Directions: Starting at the line below with "Dionysus Coloring Pages At Getcolorings" and stopping at the line with "Wholesale Home Decor Distributors", please print each line exactly, those two included, and skip every picture.

Data shown:
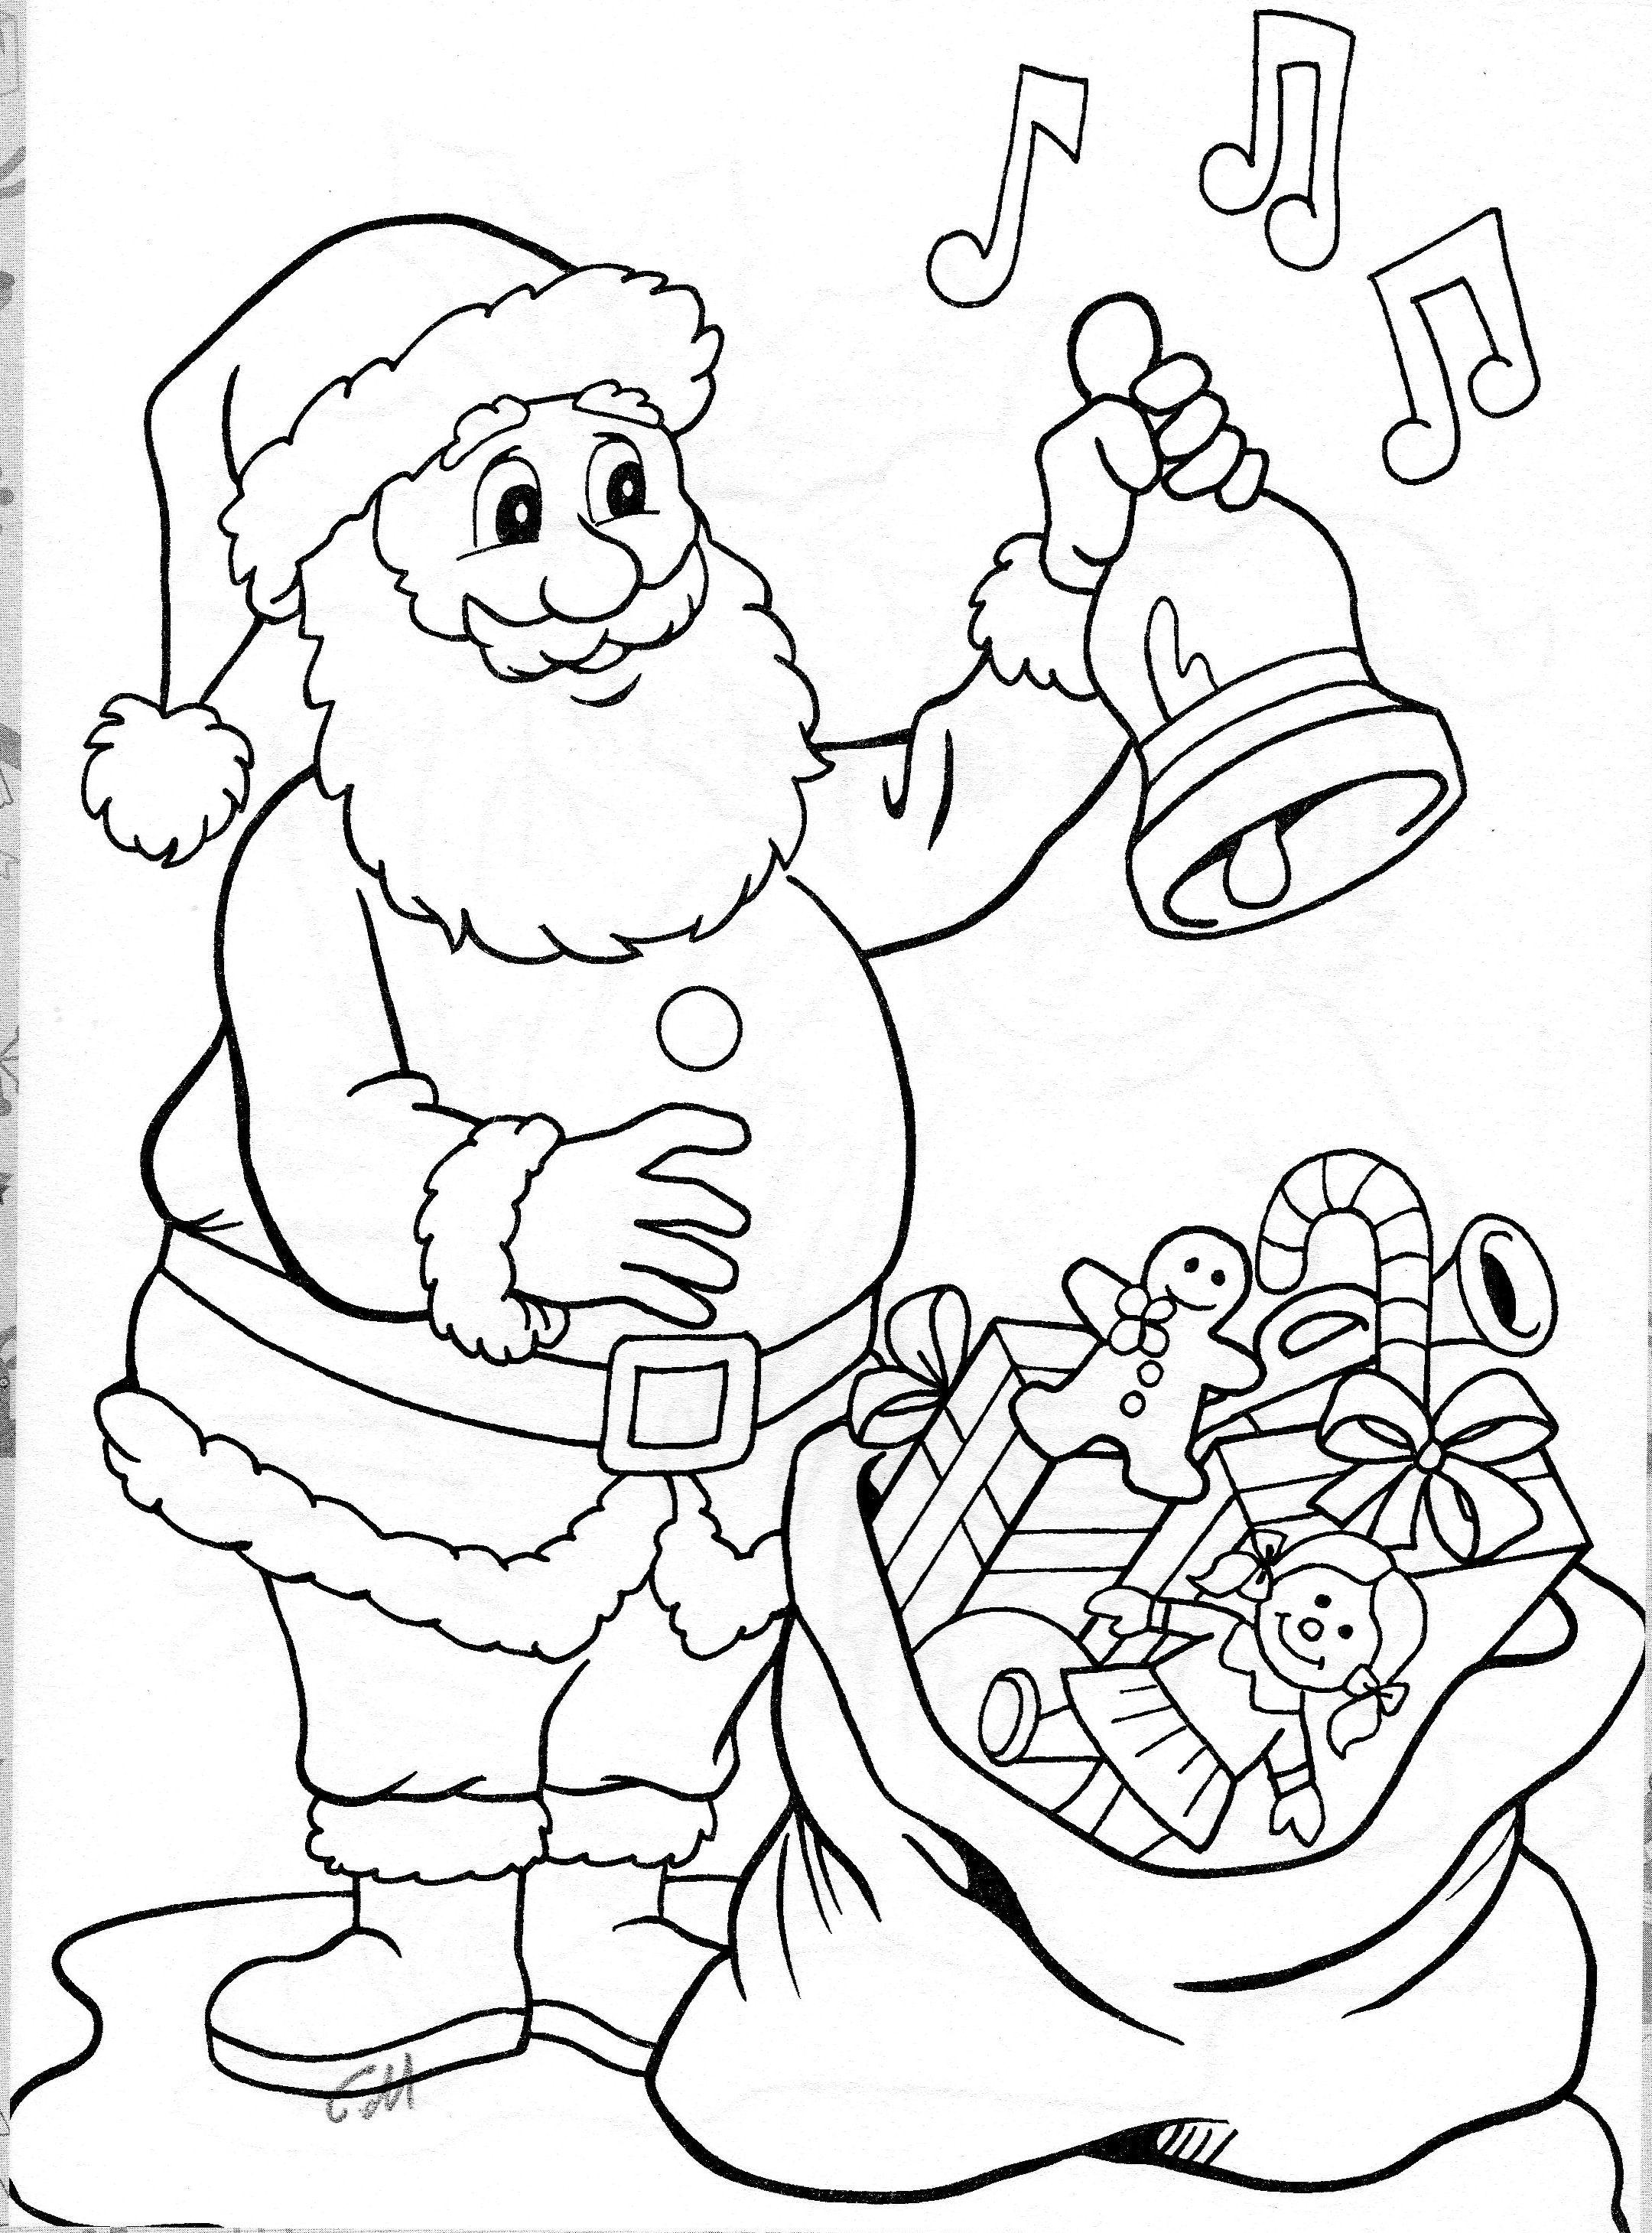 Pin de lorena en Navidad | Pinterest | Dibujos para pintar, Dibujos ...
...
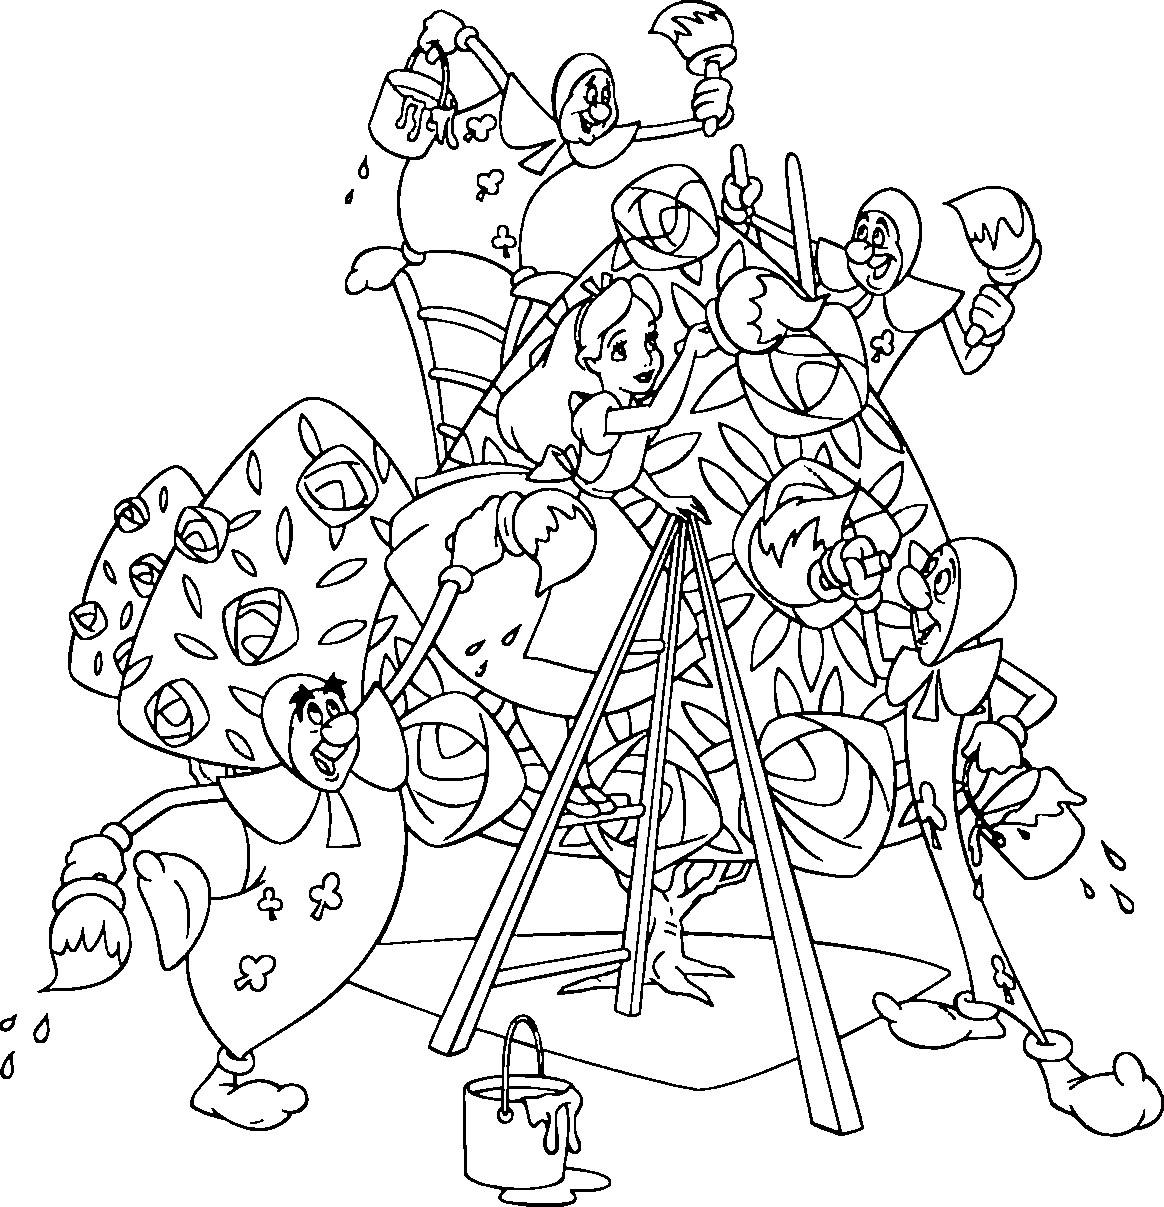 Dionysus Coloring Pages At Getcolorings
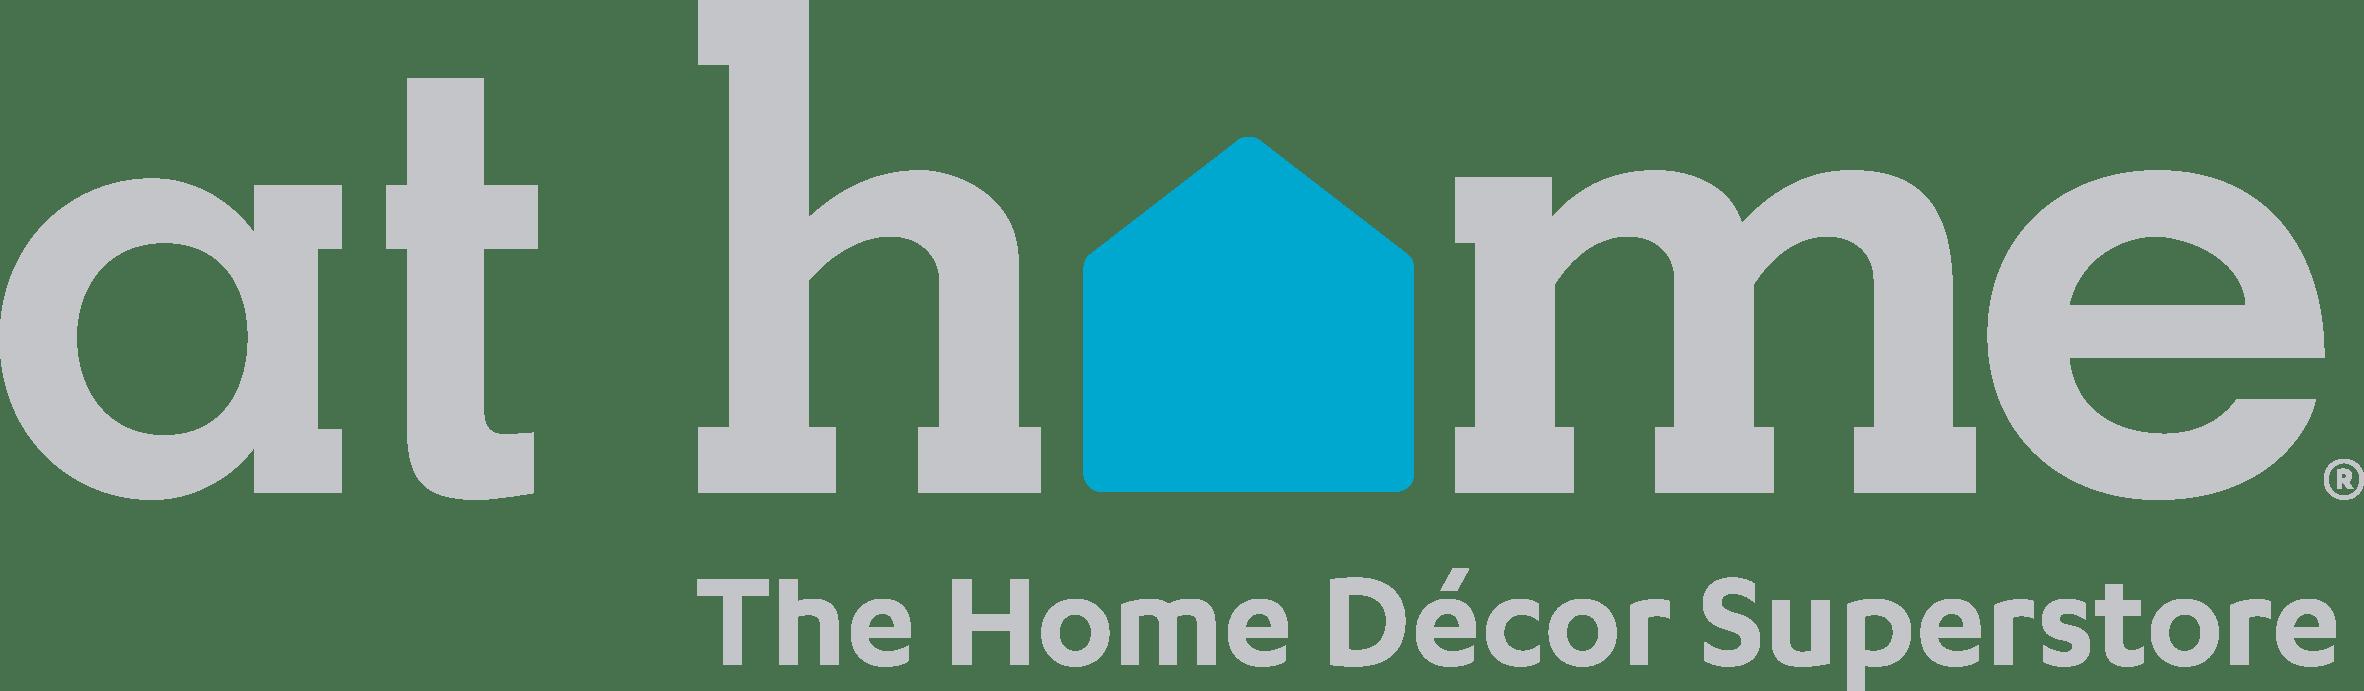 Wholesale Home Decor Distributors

Response box:
 Dionysus Coloring Pages At Getcolorings
 Wholesale Home Decor Distributors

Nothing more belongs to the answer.